Косой луч солнца, тонким сверлом продырявив слюдяное оконце, заставил спящего прикрыть глаза ладонью и внес поправку в сновидение — агора, где разъяренный колбасник хотел побить Сострата за то, что тот в мгновение ока съел кусок ароматного копченого мяса, не заплатив за него, внезапно, будто ее и не было вовсе, будто Сострат и не пытался защититься от здоровенного наседающего торговца ватными немощными руками, куда-то отступила, исчезла, и теперь, всецело отдаваясь блаженству, он уже лежал на усеянном каменной крошкой берегу Алфея, с наслаждением чувствуя, как солнце нагревает закрытые веки, на которые извне наплывает теплое алое золото. И так хорошо было безмятежному Сострату, что век бы не открывал глаз, а нежился подле реки своего детства.
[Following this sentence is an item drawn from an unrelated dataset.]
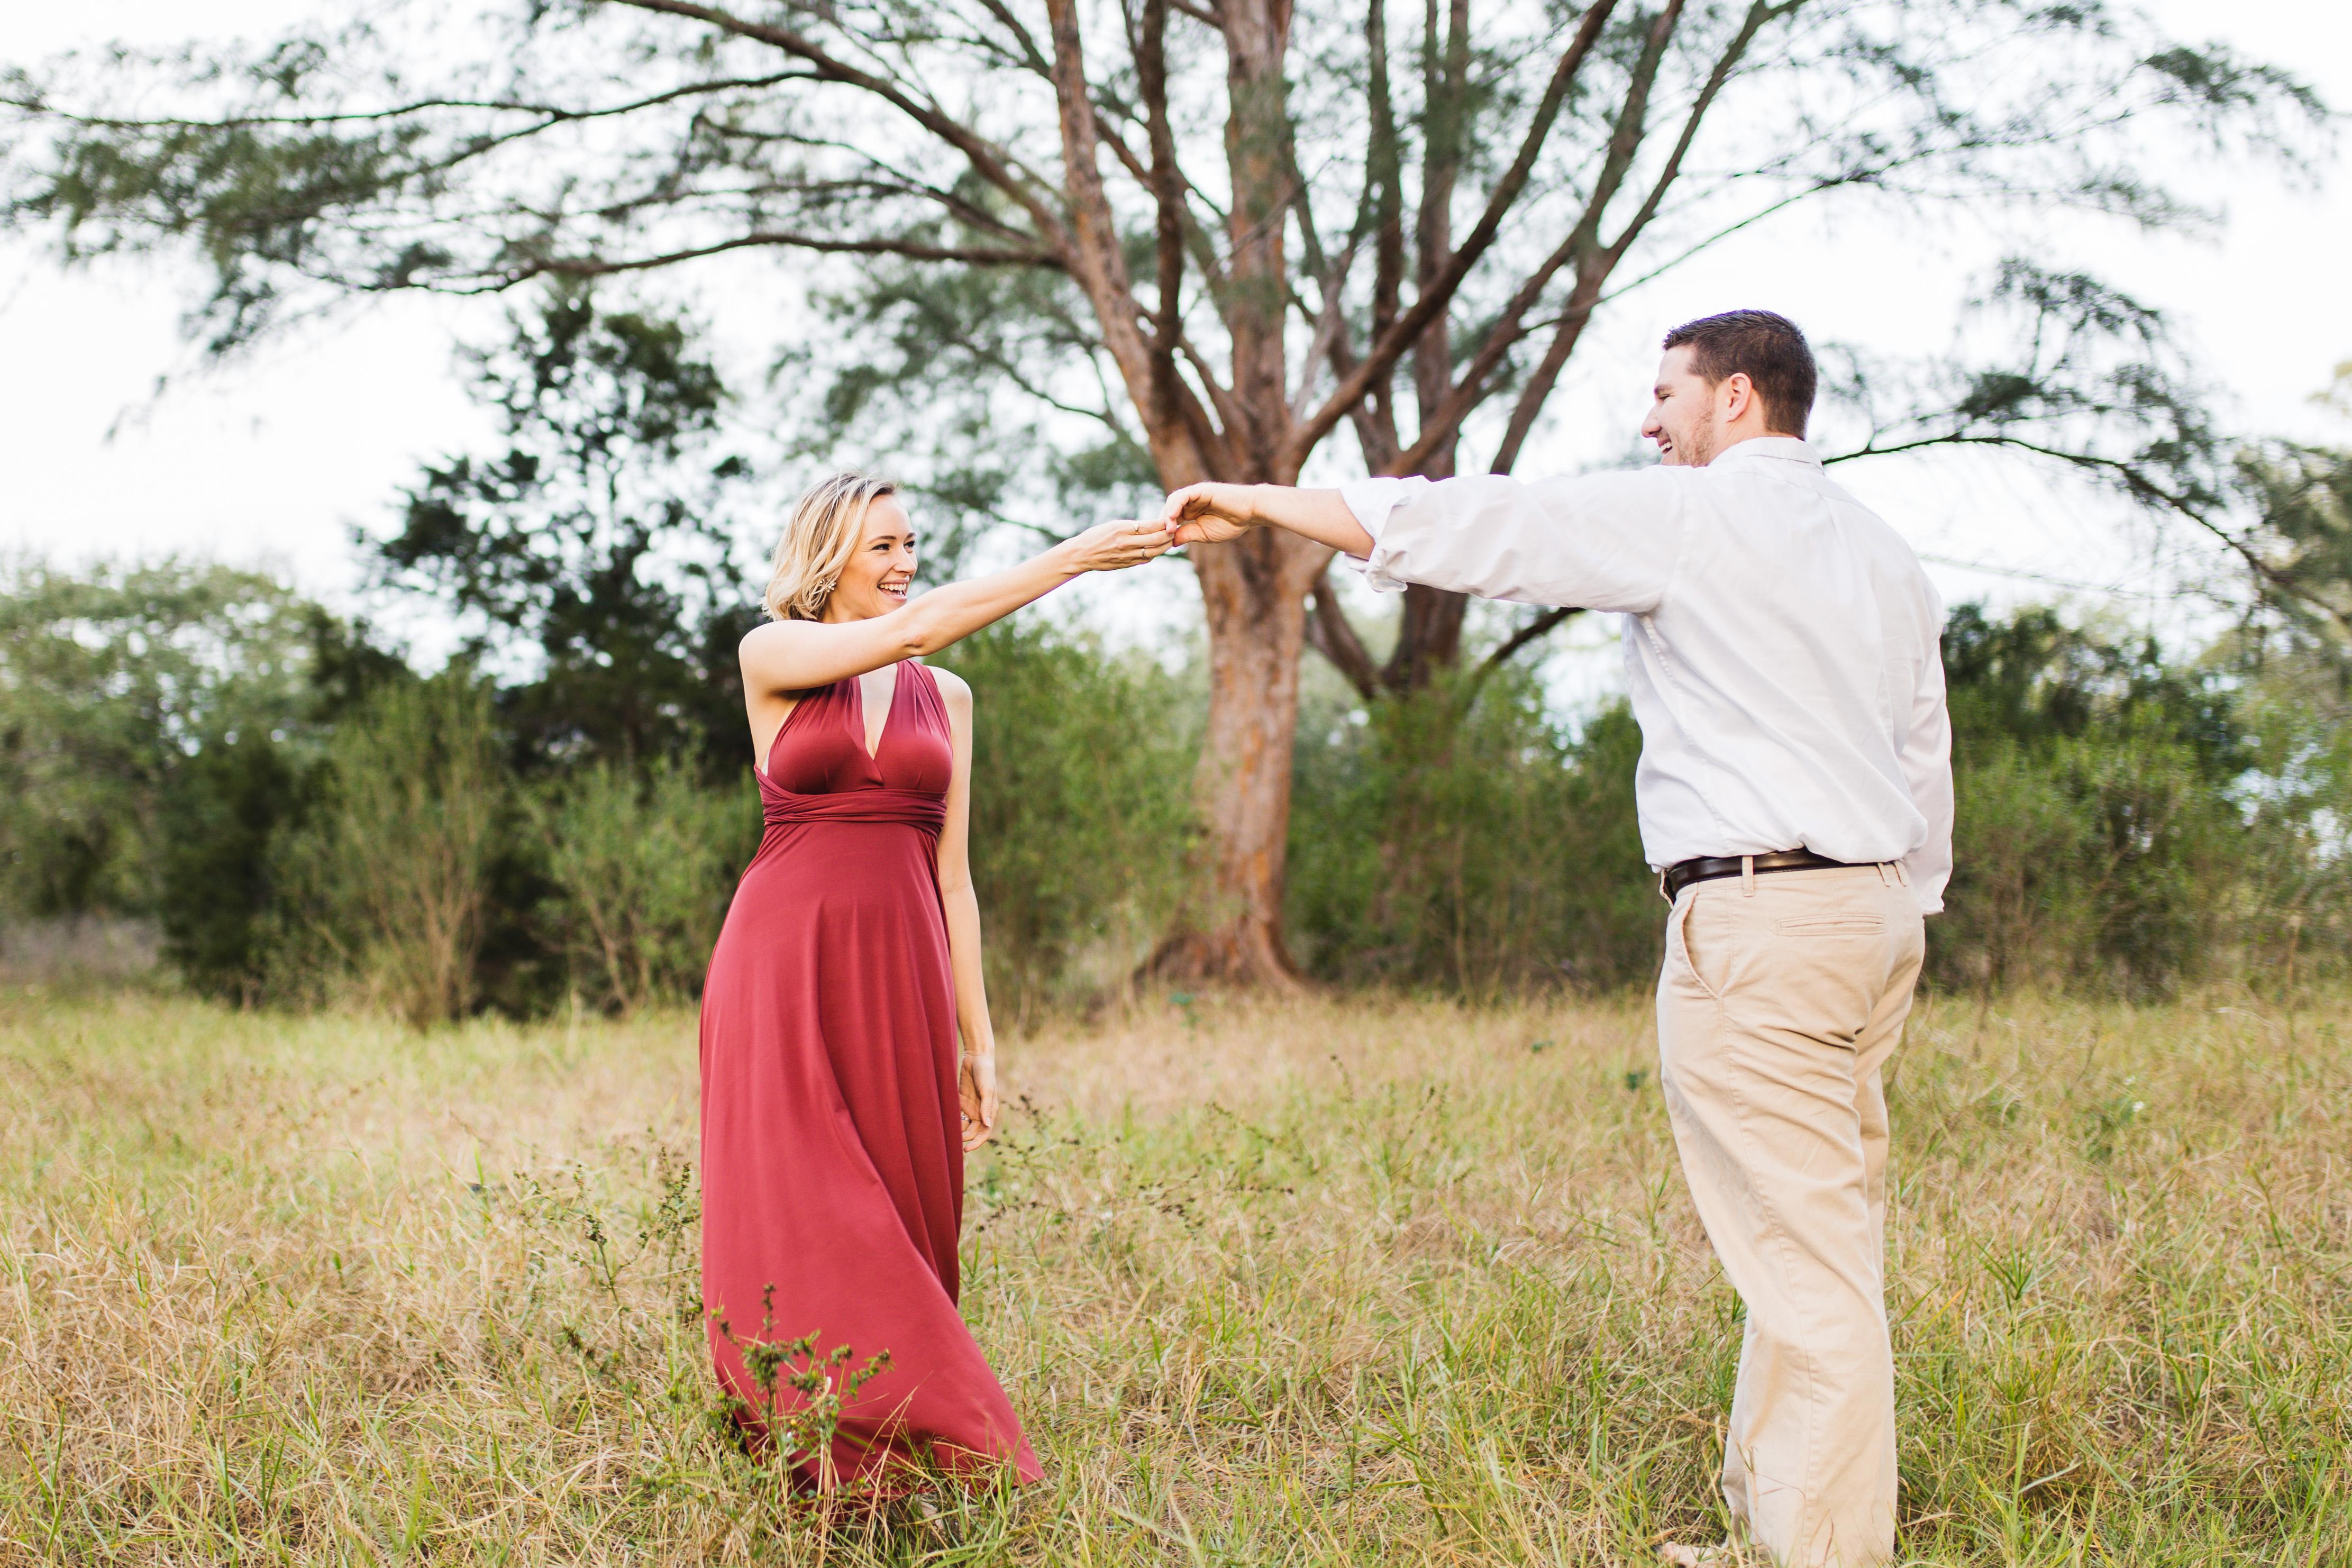 destination-photography-florida-red-dress-romantic-dancing

Но утро разгоралось все сильнее, и совсем скоро в убогой комнате не осталось такого местечка, куда бы не проник солнечный свет — человек на деревянном топчане, покрытом тощей циновкой, заворочался, протяжно зевнул и проснулся. Он, кажется, полежал бы еще, но входная дверь громко хлопнула и настоянную с ночи тишину неприятно резанул голос Клитагоры:

— Эй, лежебока, ты еще в постели? Весь город давно уже на ногах.

— Уймись, женщина, — нехотя откликнулся Сострат. — Если то, на чем я лежу, ты называешь постелью, значит, с твоими глазами что-то случилось.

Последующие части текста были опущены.